Holiday from hell as UK tourist arrested in Tunisia for ‘smoking cigarettes’

A British tourist has had his holiday ruined after he was caught in Tunisia by police after being tipped off by a convicted cigarette smuggler. James Colley, 57, known as Jim, went on a package holiday to the North African nation with his wife Louise Colley, 51, on August 2 to celebrate his retirement.

But he was questioned by armed police when he arrived at Enfidha-Hammamet International Airport and then asked to report to a court in the capital, Tunis. Jim later learned that the police were looking for a man named James Coyle, who was convicted in 2012 of not smuggling cigarettes into the country.

The panic-stricken couple spent the rest of their holiday fighting the bewildering accusations. They had to shell out an extra £800 for three eight-hour round trips to Tunisia, lawyers’ fees and bribes to local officials.

When Jim finally went before a judge on the last day of his ‘holiday’, the case against him was dismissed in seconds, as the charges were “too old”. Speaking about their ordeal, dad-of-three Jim said: “We still don’t know what the scam was to make money. Were the police involved? The passport people?

“I’m a calm person, but honestly, you don’t argue with someone with a gun… You have no idea – are they trigger-happy? It was really scary. I’ve never had any mental health problems . in my life, but honestly, this was mentally draining.”

Louise, a community staff nurse, who was by Jim’s side during his ‘holiday from hell’, has now warned Britons not to go to Tunisia. She said: “Don’t go. It sounds terrible because there are some nice people over there, but it’s not safe – I don’t think it’s safe for British tourists to go at the moment.

“It could be our children. They could be on holiday, and it could happen to them. They may not have coped as well as we did. We didn’t know if Jim was going to lock up or what was going to happen next.

“It was all terrible. It should never happen. I don’t know why we were chosen. It’s total fraud over there.”

The couple, from Newcastle, booked their week’s package holiday after Jim quit as a Nissan car plant worker earlier this year. They paid £1,400 to stay at the five-star El Mouradi hotel, in Mahdia.

But they never enjoyed its facilities after the police stopped Jim at the airport and questioned him for four hours. He said: “They kept taking my passport and asking us the same two questions: Have I been in Tunisia before and where did I work?

“I said I was ‘only once on my honeymoon in 2009.’ They didn’t believe us, they said, ‘You already are.’ They had guns, and you don’t argue with someone with a gun. They got an interpreter down there, and he basically said, ‘You will be summoned to appear in court’.”

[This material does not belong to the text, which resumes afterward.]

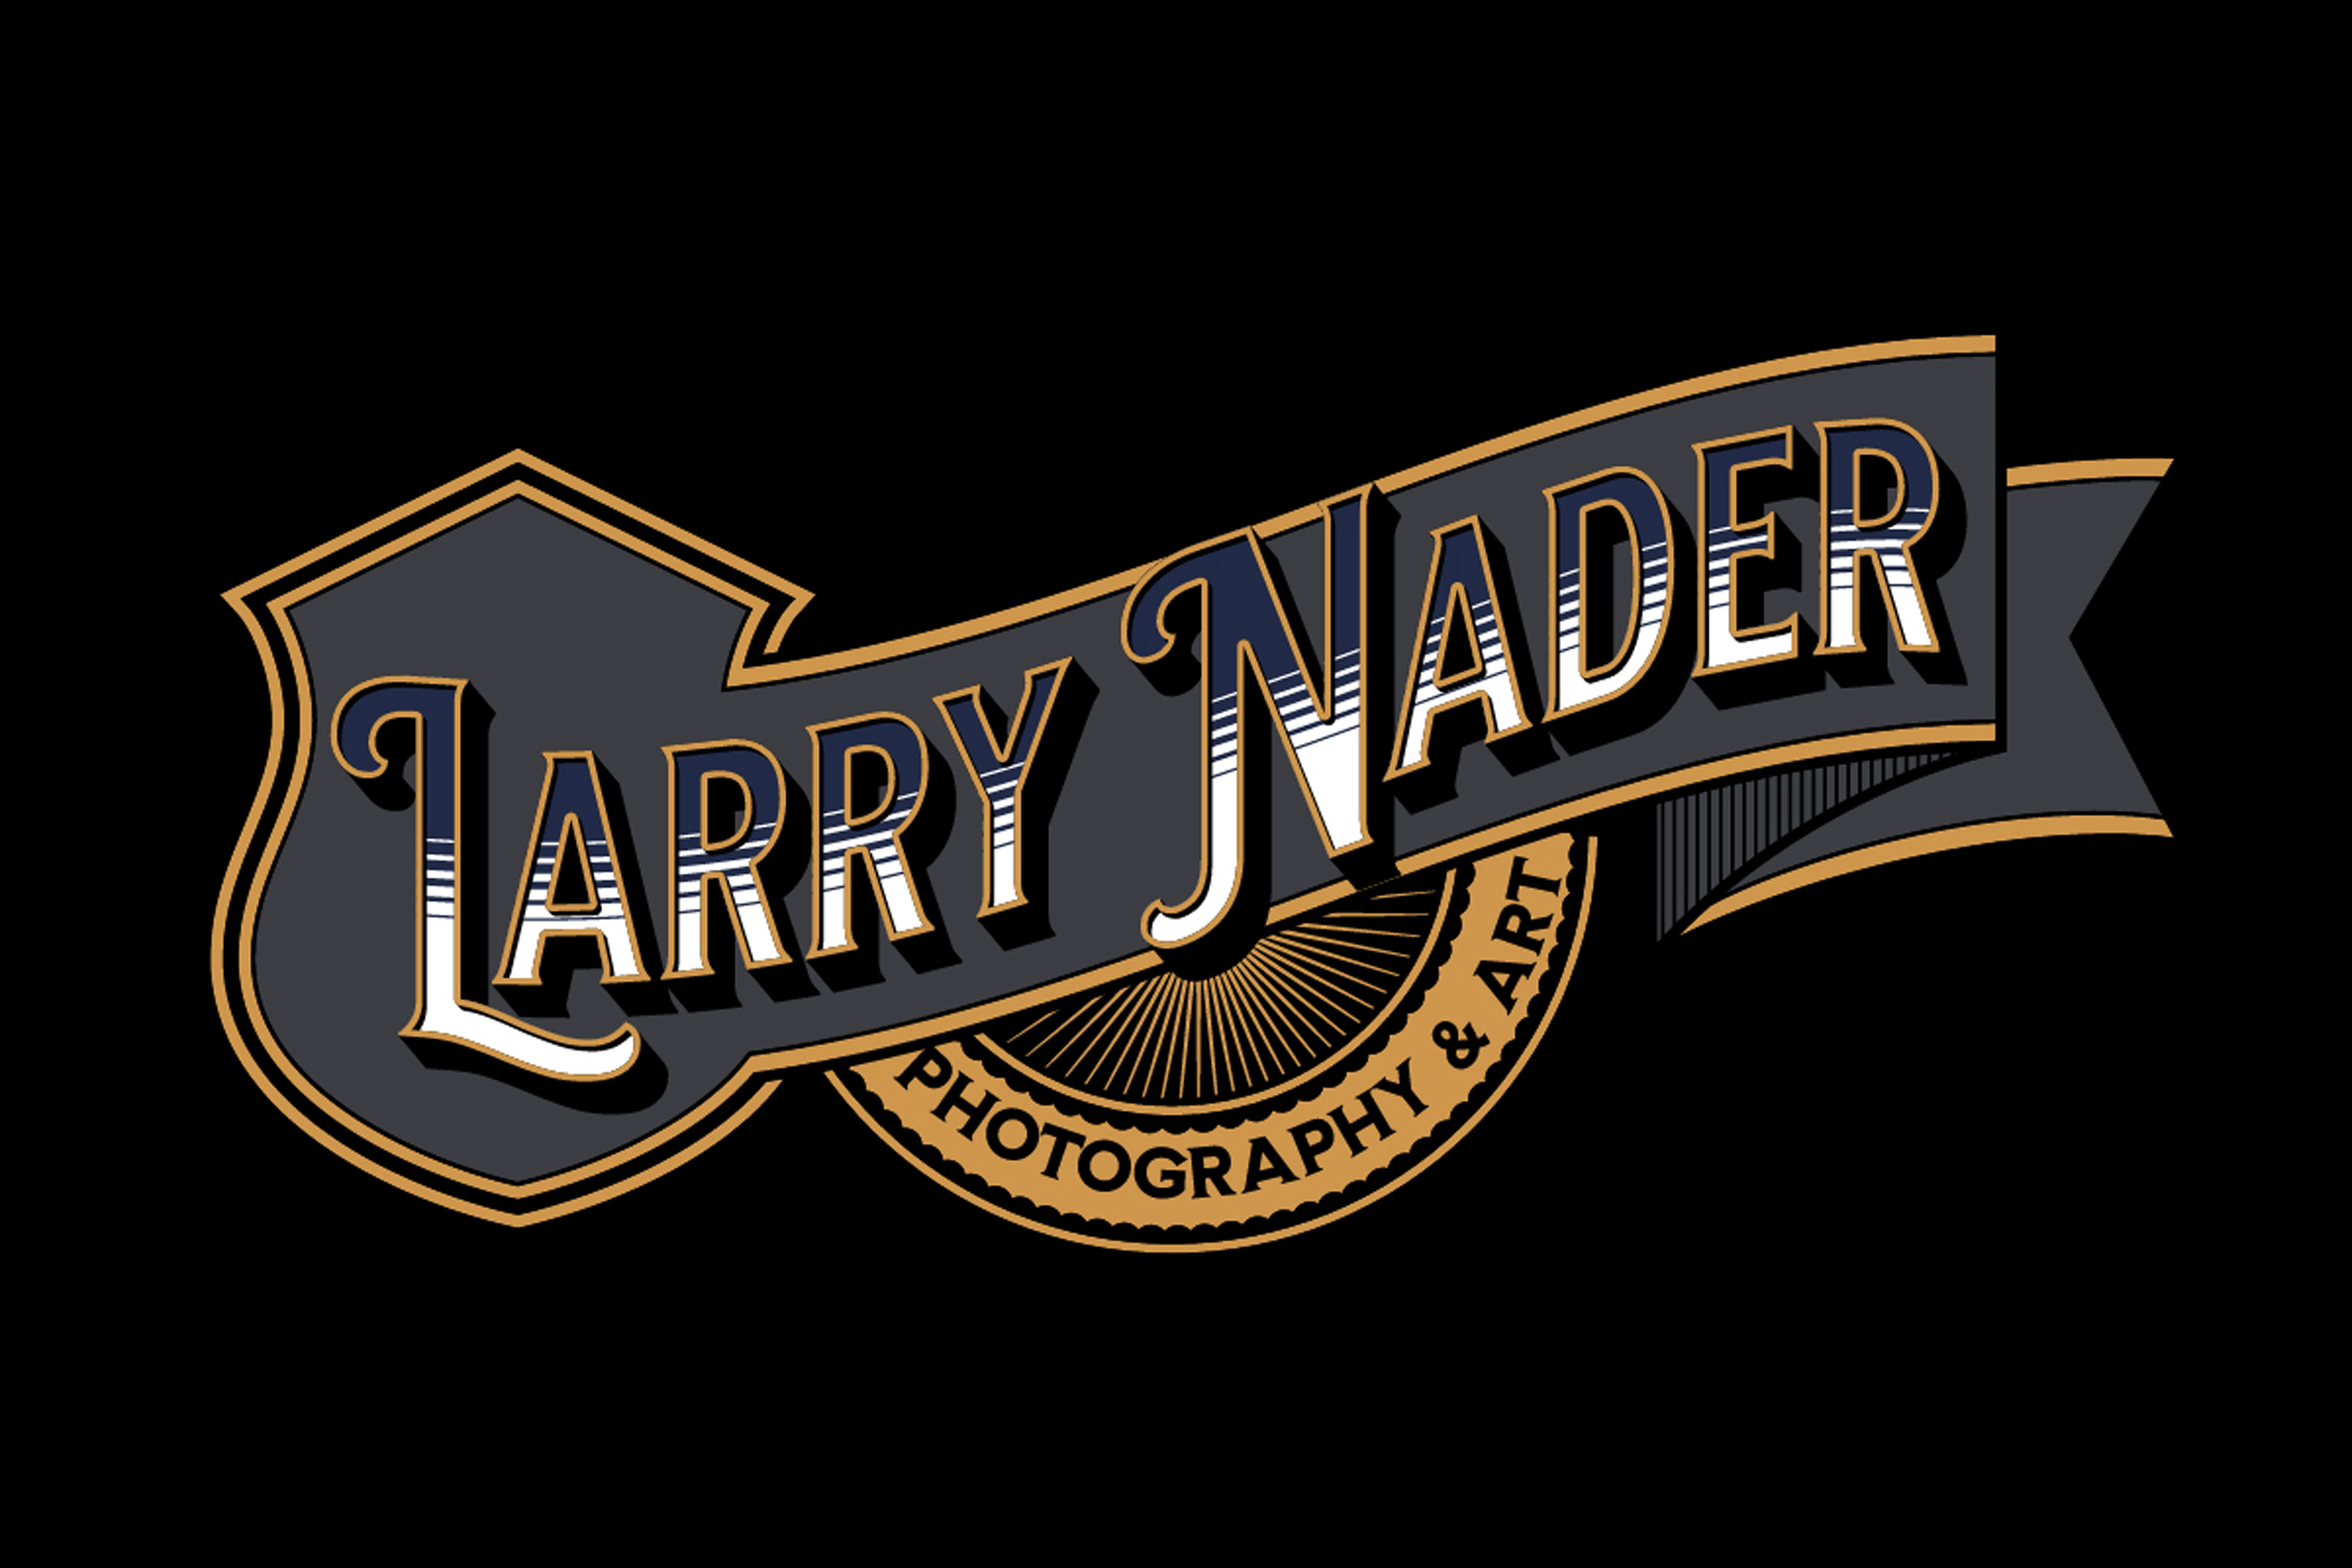 Larry Nader - Website

Jim and Louise arrived at their hotel in the early hours of August 3 when they were forced to pay £95 for a local taxi ride. On August 5, at 4am, they paid a local man to drive four hours to Tunisia along the Trans-African Highway in a battered VW polo for the court appearance.

James recalled how the building looked like a “1960s bank” with “paper files piled high everywhere” and all the staff smoking. Upon his arrival, he was handed a court document, which incorrectly named him as ‘James Coyle’.

Jim said: “In this court, they said ‘English?’ I said yes. And then they said, ‘You have to sign this’… But it had the wrong name. They took us into another room, and there was a superior man there, and he said, ‘Are you innocent then?’ I thought that would be the end.

“But he said, ‘You have to come to the police station tomorrow to hand in this form.’ I said, where is the police station?’ He was in Tunisia again.”

The couple went to the ‘sweltering’ local police station the next day – where James was told he would have to appear before a judge at the courthouse on August 8. A local English lawyer, whom they contacted, initially said she could represent them. them in court for £530.

But they later secured the services of another lawyer for £130 after kicking back the court user for their help, they claim, and went before a panel of judges. Jim said: “I was sitting in the public gallery. There were three judges.

“The doors opened from the side and they started to drag prisoners from the jails out downstairs in handcuffs. Our driver, he was coming in to interpret for us, and he was saying, ‘That man, he tried to have sex to have with a woman. when she didn’t want him, this man hit his mother.’

“I was the last one, even though we paid the usher to get in first. I had to stand with my hands behind my back, my head bowed in front of the three judges. Police were there with their guns. I got a call, so I got up and the lawyers got up.”

The scared Jim said he was not sure how the case would go and was very worried that he would be fined or sent to prison. But within 30 seconds, he said one of the judges “waved his hand in the air” and an usher came and told him: “It’s over, you’re free to go.”

The shocked couple later learned from their hastily formed legal team that the case should not proceed due to the age of the alleged offense. Jim said: “Basically what they knew all along was that the case involved cigarette smuggling in 2012. This James Coyle was convicted in absentia.

“Because the case was over five years old, it was thrown out anyway – not the fact that it wasn’t even me, mistaken identity.”

The Tunisian Embassy in London has been contacted for comment.